Una argentina de 76 años ejercita a vecinos durante la cuarentena

“Soy inquieta y hace tiempo que estoy jubilada... En el WhatsApp los invité a sumarse y aparecieron un montón”, dice Irma Mogilevsky.

Por  AP

Suena la música de Pink Floyd y hombres y mujeres comienzan a mover y estirar sus cuerpos en el patio y los balcones de un edificio de Buenos Aires mientras observan a Irma Mogilevsky, una profesora de gimnasia de 76 años que ha logrado desentumecer y unir a sus vecinos durante la cuarentena por el nuevo coronavirus.

Todos los días, y durante 40 minutos, esta profesora de educación física ayuda a despejar la cabeza y ejercitar los músculos a sus compañeros de edificio, obligados a estar gran parte del tiempo encerrados o a trabajar desde sus casas frente a la computadora.

“Soy inquieta y hace tiempo que estoy jubilada... En el WhatsApp los invité a sumarse y aparecieron un montón”, dijo este lunes 11-M Mogilevsky a The Associated Press poco antes de comenzar una clase en la que mezcló gimnasia danesa, sueca y algunos ejercicios de su invención.

“Varios pasos atrás y adelante; me siento, subo, bajo, subo...eso, ahí”, se le escucha decir animosamente a esta argentina de pelo cano, baja estatura y piernas firmemente moldeadas enfundadas en unos ajustados pantalones negros.

Varios de sus alumnos no hacían ejercicio antes de la cuarentena que obligó al confinamiento y cerró las puertas de los gimnasios. Ahora son fanáticos.

El edificio reúne las condiciones perfectas para que puedan moverse mientras observan a la profesora. Tiene un gran patio central abajo -donde Mogilevsky se sitúa- y cuatro pisos que lo rodean con balcones amplios y suficiente profundidad para avanzar y retroceder.

Entre los alumnos está Saul Drajer, de 81 años y esposo de Mogilevsky, quien se encargó de poner la música.

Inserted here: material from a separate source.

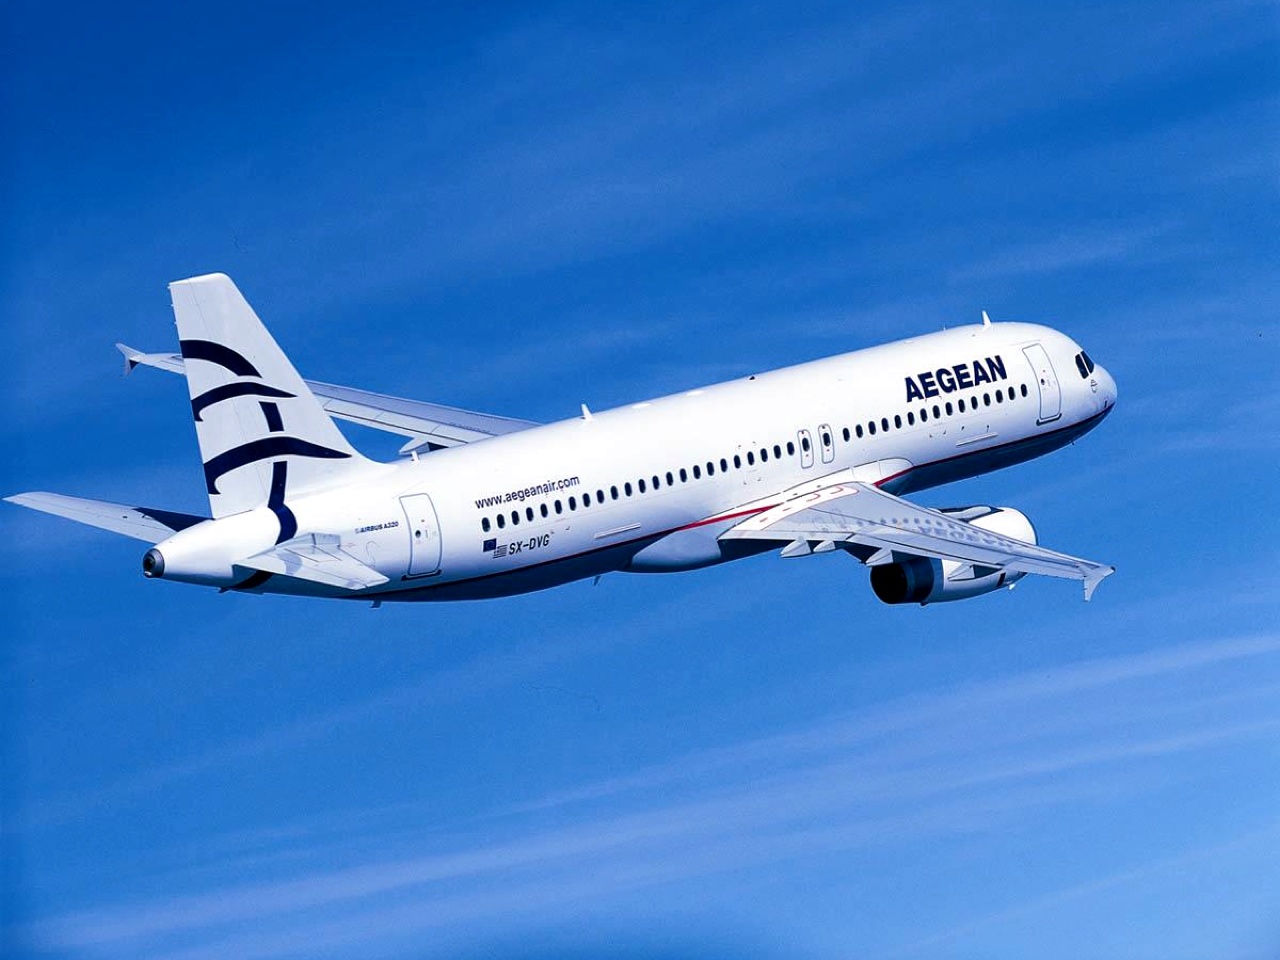 AEGEAN Tops TripAdvisor List as Europe’s Best Regional Airline for 2018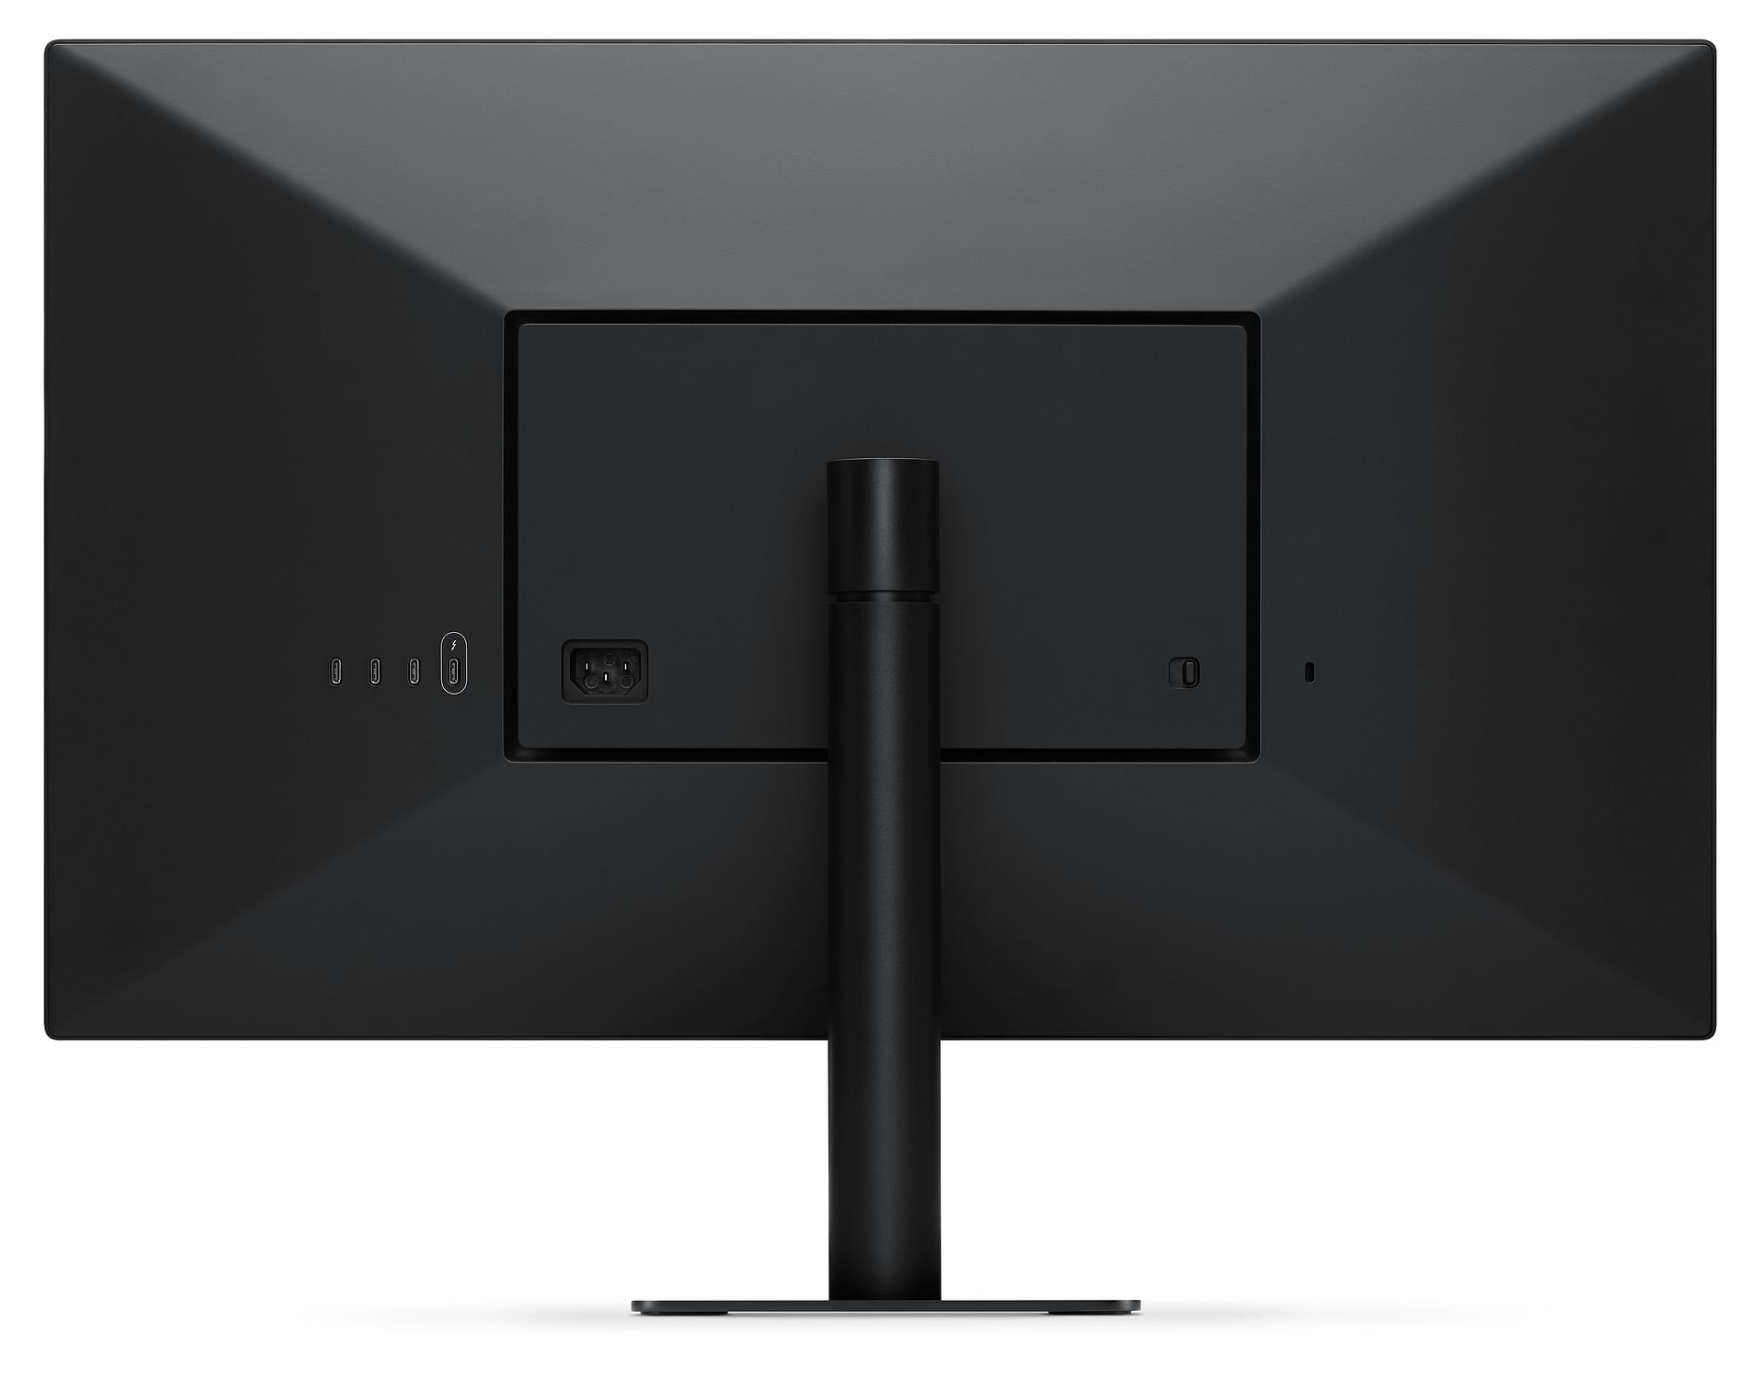 LG 5K Monitor - Ports

Según la mujer, las clases en comunidad, que en el peor momento del aislamiento iniciado el 20 de marzo llegó a sumar a cerca de 30 vecinos, lograron que los lazos se estrecharan y varios encontraran un lugar para volcar su desasosiego.

“Nos sirvieron para aunarnos mucho más. Esta vecindad es muy activa y se relaciona muy bien, pero creo que ahora se relaciona mejor”, sostuvo.

Los movimientos de piernas, brazos y torso que enseña Mogilevsky no son difíciles y resultan terapéuticos. Mientras la mujer se movía decidida y con agilidad, varios de los vecinos situados en el patio la seguían atentamente y otros la imitaban desde los balcones.

“Como uno está quieto, cualquier cosa que hagas va a ser útil; cualquier cosa que hagas que dé fuerza a espalda, glúteos y piernas”, explicó.

Algunos alumnos tienen una asistencia perfecta a sus clases.

“Para mi es el pan de cada día... Nunca tuve esta regularidad, jamás”, dijo a la AP Patricia Arpe, una economista de 61 años, luego de concluir los ejercicios de estiramiento y algunos aeróbicos.

Arpe, que “teletrabaja”, señaló que es la envidia de otra gente. “Todos me dicen ’qué suerte vivir ahí, que privilegio”, señaló.

Mogilevsky ya es conocida en las redes sociales. También imparte clases en Instagram y desde hace unas tres semanas ha logrado sumar a 7.000 seguidores.

La idea es continuar con estas sesiones de ejercicio en su edificio una vez que la pandemia finalice.

“Creo que puedo seguir dictándolas mientras el bocho (la cabeza) me dé para ser respetuosa con la gente y dar una clase divertida, que es una cosa que más o menos me viene saliendo”, sostuvo.